Мне думалось, что играть на такой сцене трудно. Находиться долгое время спиной к зрителю или хотя бы части его и невыгодно, и психологически неудобно, да и зрителю смотреть в спину актеров тоже удовольствие маленькое. Но как только начался спектакль (в этот вечер ставили комедию Бена Джонсона «Вольпоне»), мои опасения исчезли. Напротив, я диву давался, как удобно смотреть спектакль. Свободная от стен сцена дает обилие ракурсов и неожиданных мизансцен. Кажется, что ты просто заглядываешь за окно немного сверху вниз в чью-то квартиру, где люди живут, совсем не думая о том, что на них кто-то смотрит.

Конечно, эта кажущаяся естественность — результат тонкого искусства и режиссера, и исполнителей, и художника. Не было ничего вычурного, нарочитого, бьющего специально в нос, и в то же время это было оригинальное зрелище. Кстати сказать, когда принцип аренного действия был невозможен или не нужен, целая сторона амфитеатра могла уплывать как бы внутрь стены, и в образовавшемся проеме возникала обыкновенная сцена с порталом, кулисами, занавесом, колосниками и прочими традиционными атрибутами театральных подмостков.

В антракте мы прошли за кулисы. Я рассматривал грим актеров. Он минимален, почти незаметен даже на близком расстоянии. Париков тоже почти нет совсем, свои волосы. Замечу в скобках: в одном городе, не помню уж в каком, я видел комедию, в которой все действующие лица рыжие — отец рыжий, мать рыжая, штук пять детей и все остальные персонажи — тоже рыжие. Ни на одном актере не было парика, все они перекрасились в рыжий цвет самых различных оттенков и мастей — от огненно-самоварного до нежно-золотистого. Не было ни одной одинаковой шевелюры, но все они были рыжие. Это очень красиво. Конечно, перекрашивать волосы возможно только при той системе постановки театрального дела, когда все время играется одна пьеса. Отыграется, сойдет со сцены, тогда перекрашивайся для другой. В репертуарном театре, как у нас, где сегодня идет одна пьеса, завтра другая, послезавтра третья, подобная метаморфоза невозможна.

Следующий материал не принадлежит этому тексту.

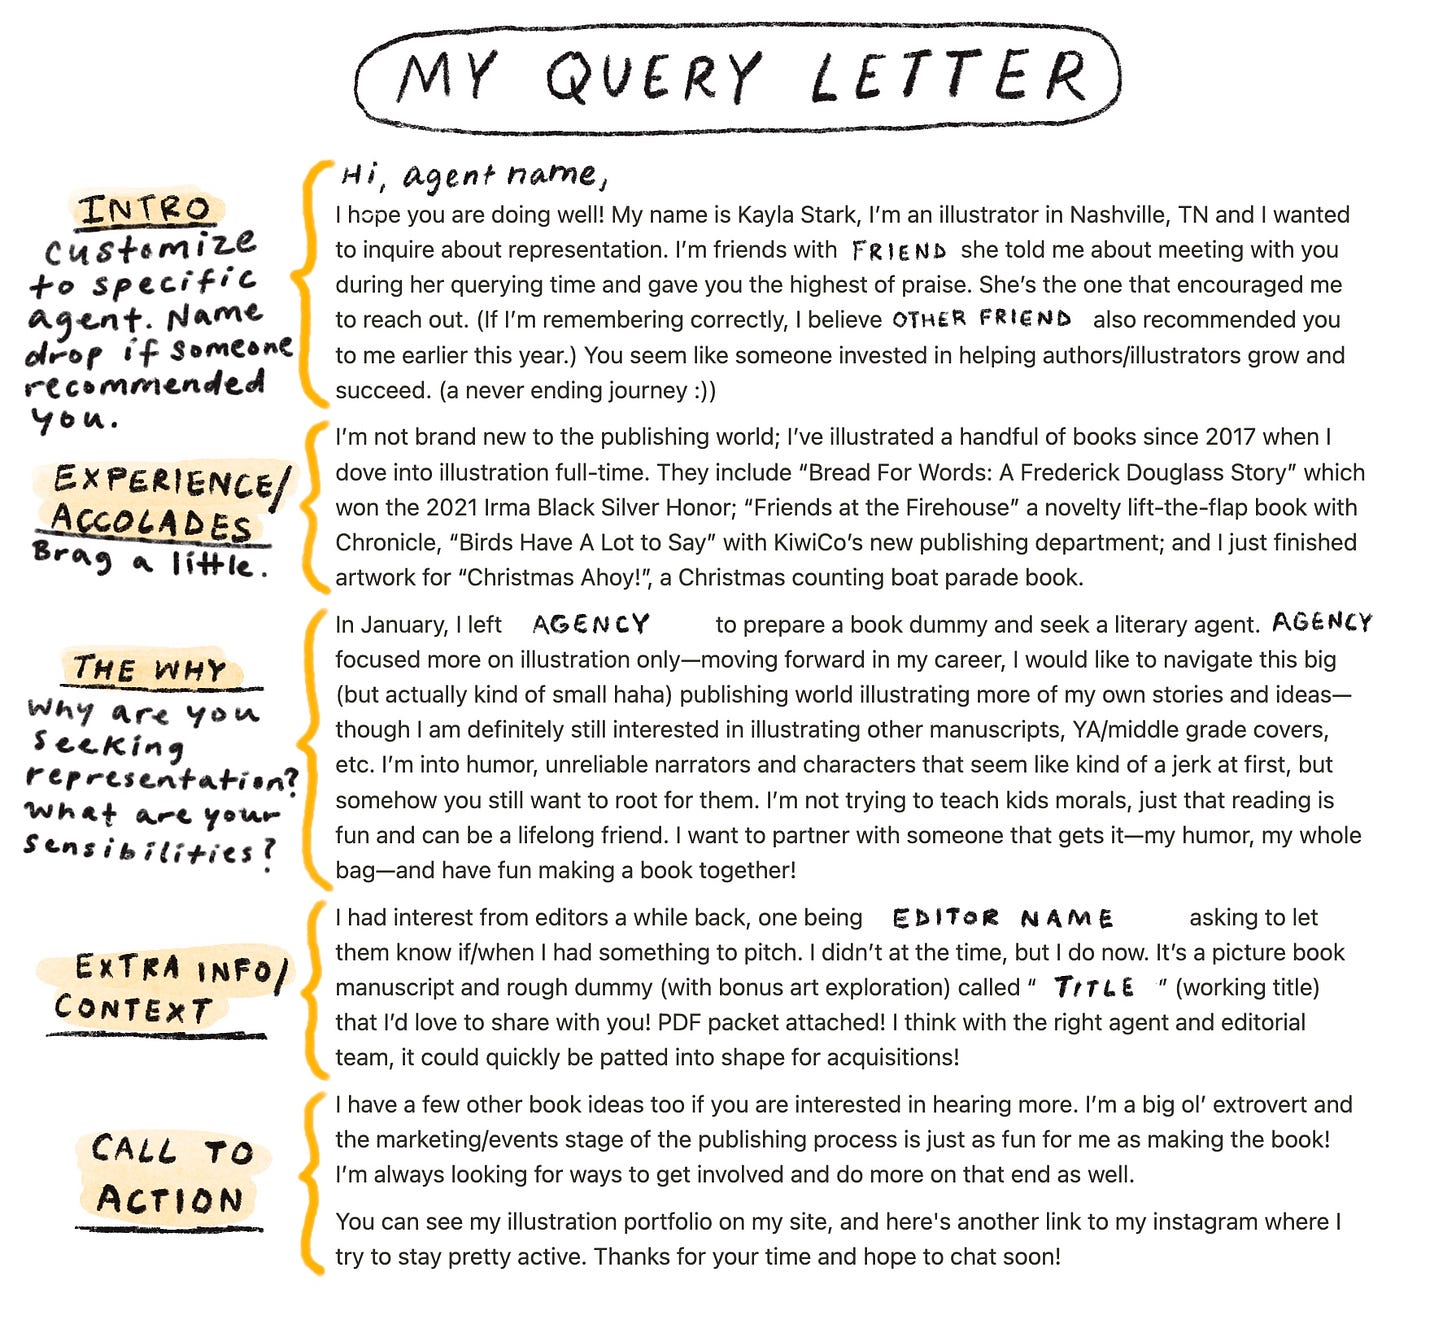 example of a query letter by Kayla Stark

Условность сцены удивительно сочетается с реальностью, а порой и натурализмом. За кулисами я увидел газовую плиту.

— Это для актеров?

— О нет, для сцены. Если по ходу действия надо подать на сцену яичницу, то мы ее жарим тут же. Видите, плита стоит близко от выхода на сцену.

Яичница подается горячая, шипящая, потрескивающая на сковородке. Или чашечка дымящегося ароматного кофе. Тоже интересно, верно?

А в будке осветителя один человек. Он ведет всю партитуру спектакля. На такой сцене освещение играет особо важную роль, не говоря уже о том, что, когда кончается акт или картина, полностью вырубается свет, и актеры исчезают и появляются в кромешной тьме, делая это виртуозно. Но и оформить светом сцену с четырех сторон нелегко. Спектакль ведет кибернетическое устройство. Задана программа, и машина работает. А следит за всем, причем безукоризненно тщательно, один-единственный человек.

— А вдруг накладка? — спрашиваю я. — Вдруг актер что-то забыл, спутал, действие сбилось? Как же тогда? Машина будет продолжать работать, и все перепутается?

— Нет, — отвечает электрик. — Именно на этот случай и нахожусь здесь я.

Театр «Арена» — культуртрегерское предприятие, он так и основан госпожой Фитцжлендер. Театр играет одну пьесу ровно месяц, после чего пьеса, даже если она имела большой успех, снимается со сцены и уступает место новой постановке. Цены в театре умеренные, и посещается театр хорошо, особенно молодежью. Его любят, и он действительно делает большое культурное дело. Как я уже сказал, в 1963 году такой стационарный театр был в Соединенных Штатах Америки всего один.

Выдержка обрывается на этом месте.